Sektretaris itu segera memberikan obat padanya. Fabian gelisah cukup lama sebelum

akhirnya dia melangkahkan kakinya keluar dari kantor. Ketika melewati pantri, Fabian

mendengar gosip dari beberapa wanita rekan kerjanya. “Hah? Serius? Hari ini Vivin diantar

pakai mobil Bentley hitam? “Iya! Sarah saksinya! “Wah wah! Berarti suaminya kaya kan?
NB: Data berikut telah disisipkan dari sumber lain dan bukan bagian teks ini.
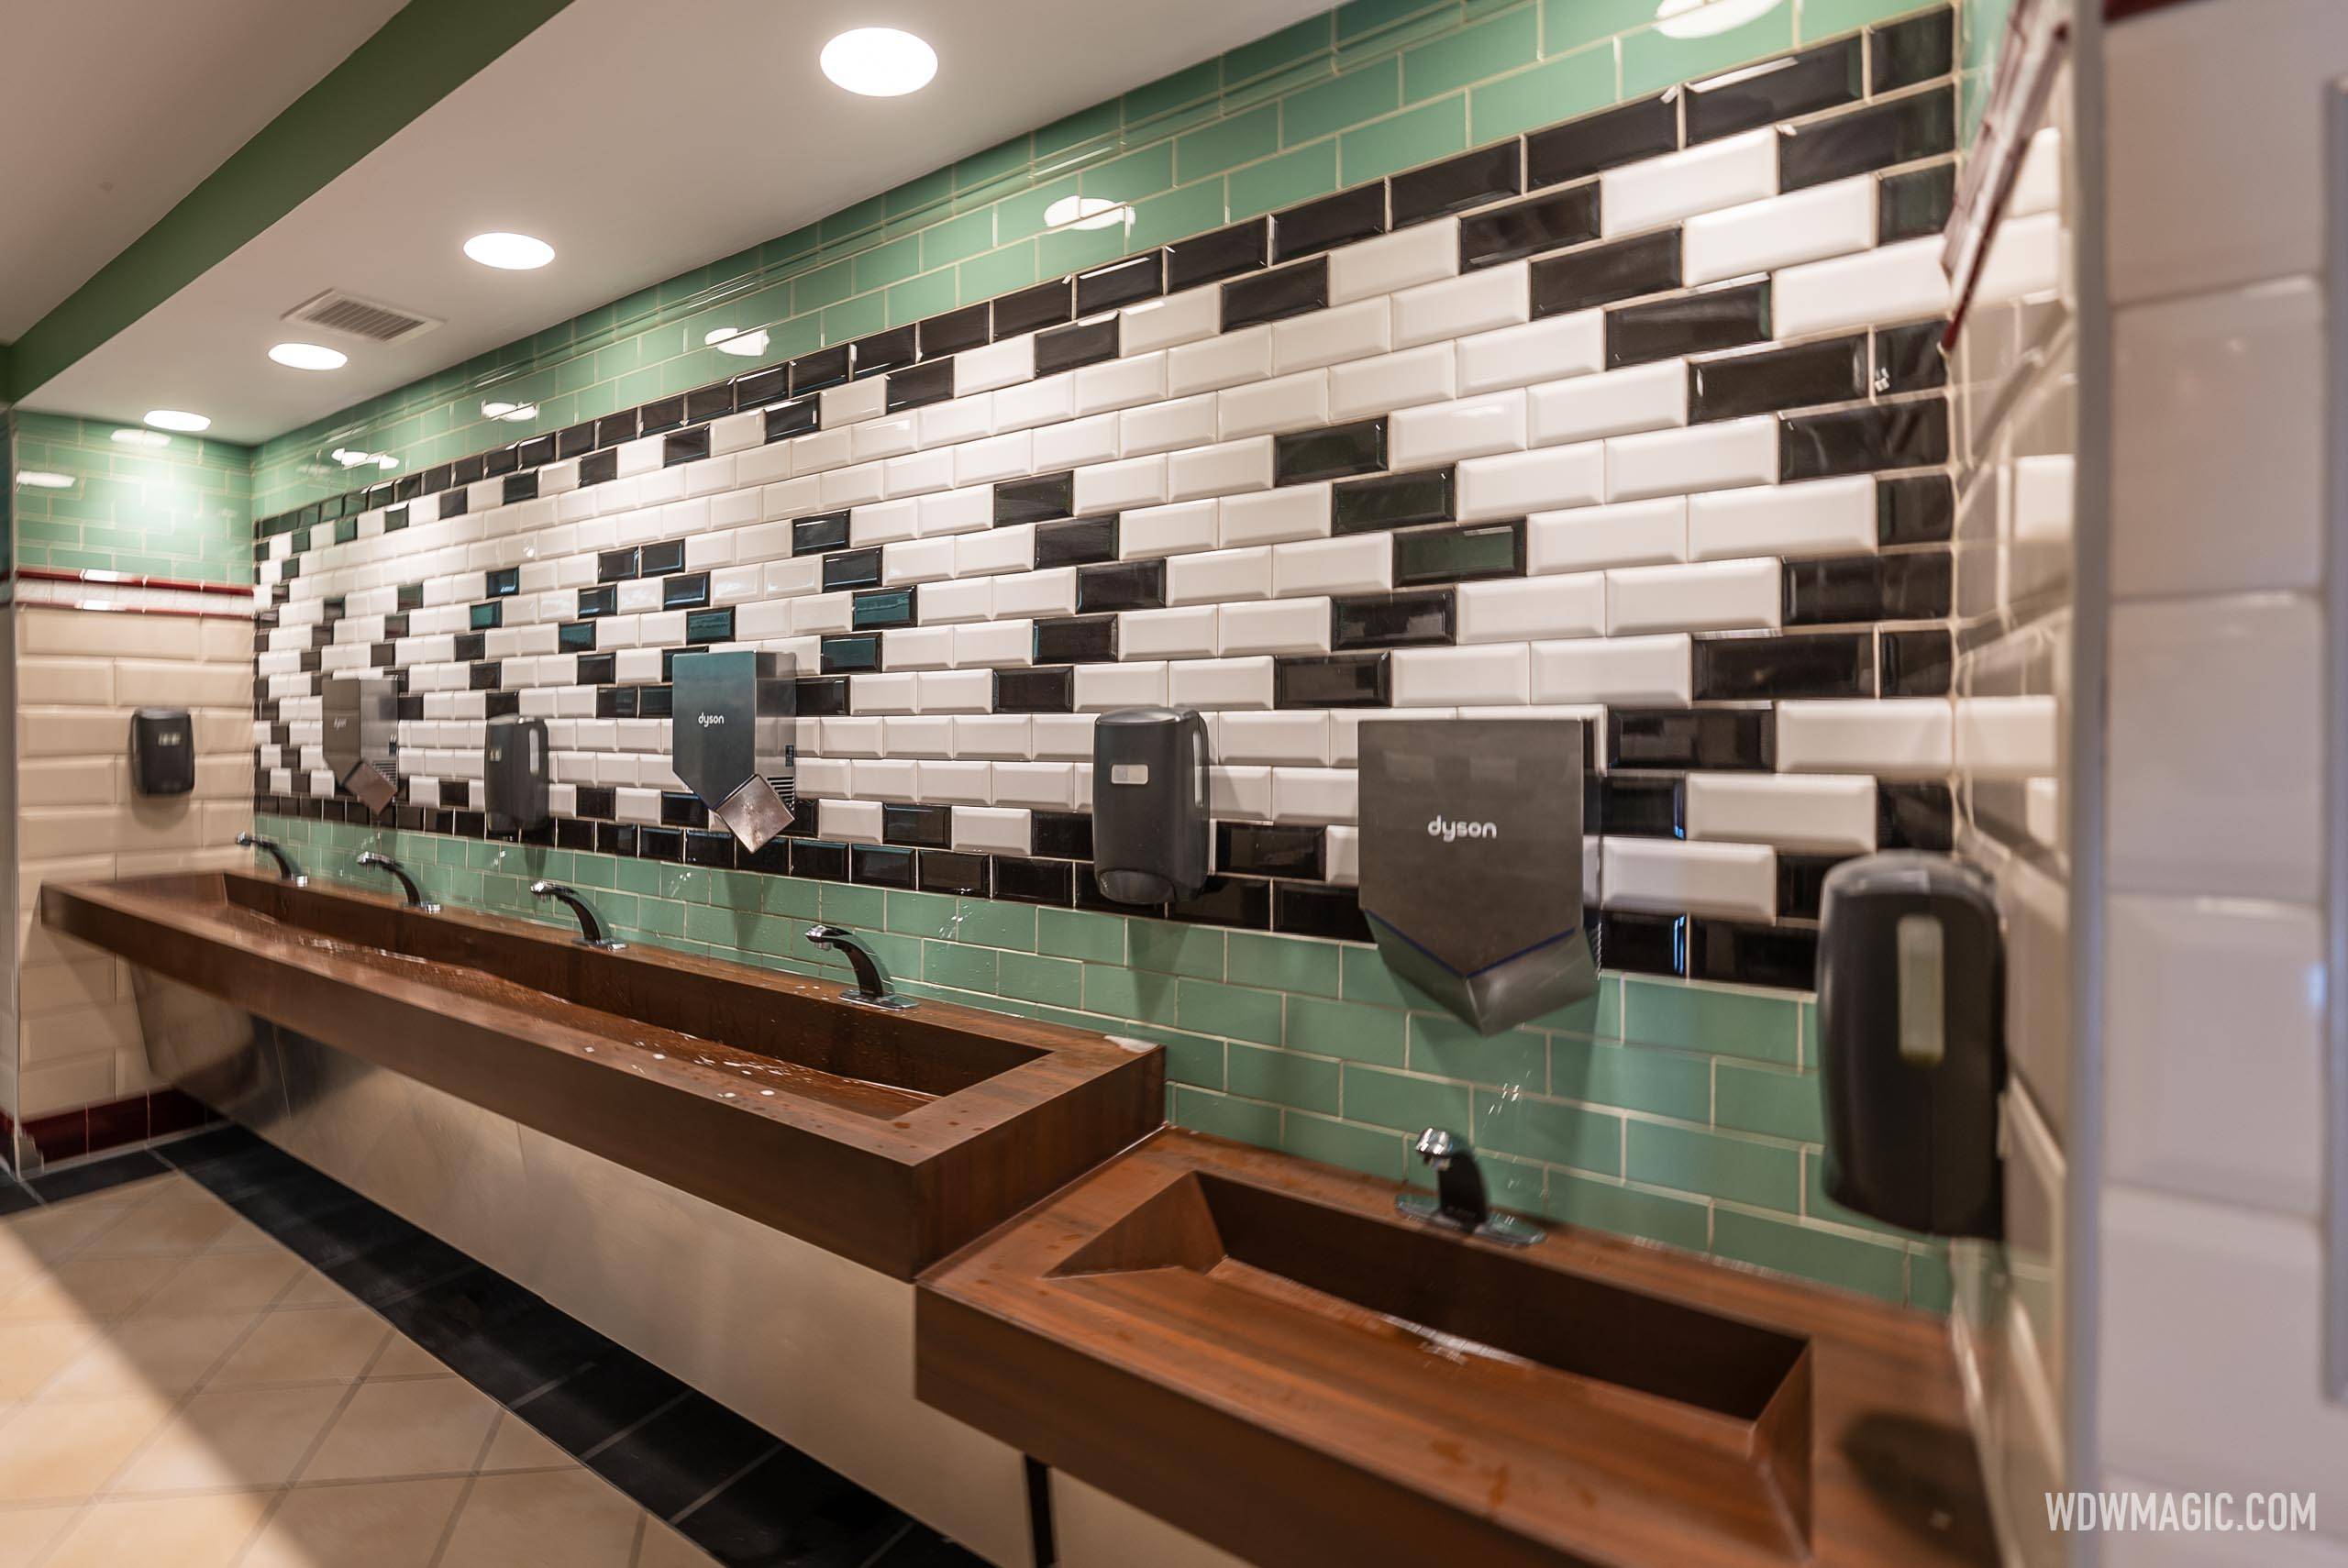 United Kingdom restrooms refurbishment completed

Kalau tidak, bagaimana bisa punya mobil mewah seperti itu? “Kau bodoh? Jelas-jelas itu

bukan mobil suaminya. Cincin berlian yang dibelikan suaminya aja murahan. Menurutku,

itu pasti mobil pria lain…” “Dan lagi, kalian lihat tasnya? Itu tas Chanel! Dulu dia selalu

pakai tas murah yang dia beli online. Sekarang tiba-tiba dia punya tas Chanel, aku yakin

pasti pria itu yang membelikannya.” Fabian yang berdiri di luar pantri secara tidak sadar

mencengkeram erat obat yang digenggamnya. Dia sadar betapa bodoh dirinya,

Follow on Novᴇl-Onlinᴇ.cᴏm

membelikan obat untuknya. Sebelum kembali, ia meremas kotak obat itu dan

membantingnya ke tempat sampah. Di sisi lain, Vivin yang baru saja sampai di meja

kerjanya, tiba-tiba mendengar ponselnya berdering. Setelah melihat nomor yang tertera

di layar ponselnya, tatapannya menjadi dingin. Dia berjalan ke koridor yang sepi dan

menerima panggilan itu dengan pertanyaan dingin, “Kenapa meneleponku?” “Vivin,

kenapa nada bicaramu begitu?” “Tidak.” Rasa ketidaksabaran merayap ke dalam suara

Vivin. “Aku tahu kau tidak akan menelepon tanpa alasan. Katakan padaku, ada apa kali

ini?” “Adikmu akan menikah.” Memang, pria dari ujung telepon itu tidak akan basa basi,

dia segera mengatakan alasan dia menelepon. “Jika kau longgar, pulanglah dan makan

bersama kami. Kau juga bisa bertemu dengan calon iparmu.” “Rumah?” Nada Vivin

terdengar seperti mengejek. “Sepertinya Ayah keliru. Itu kan bukan rumahku.” “Vivin, hati-

hati dengan bicaramu!” Jawab pria itu dengan nada marah. “Adikmu tidak menikahi orang

biasa. Dia akan menikahi cucu dari keluarga Normando! Dia berharap akan lebih baik jika

keluarga ini kembali utuh. Karenanya, lebih baik kau datang besok malam!” Lalu pria itu

menutup teleponnya. Vivin mengerutkan dahi sembari menggenggam erat ponselnya. Alin

menikahi seseorang dari keluarga Normando? Tidak heran jika dia menginginkan aku

datang. Pasti akan aneh jika dia tidak menyombongkan tunangannya yang begitu

mengesankan itu padaku. Vivin telah tahu apa yang akan dilakukan keluarganya, diapun

juga tahu betul seperti apa sifat ayahnya. Jika dia menolak, Ayahnya pasti akan marah.

Lagipula ini hanya makan. Aku akan datang.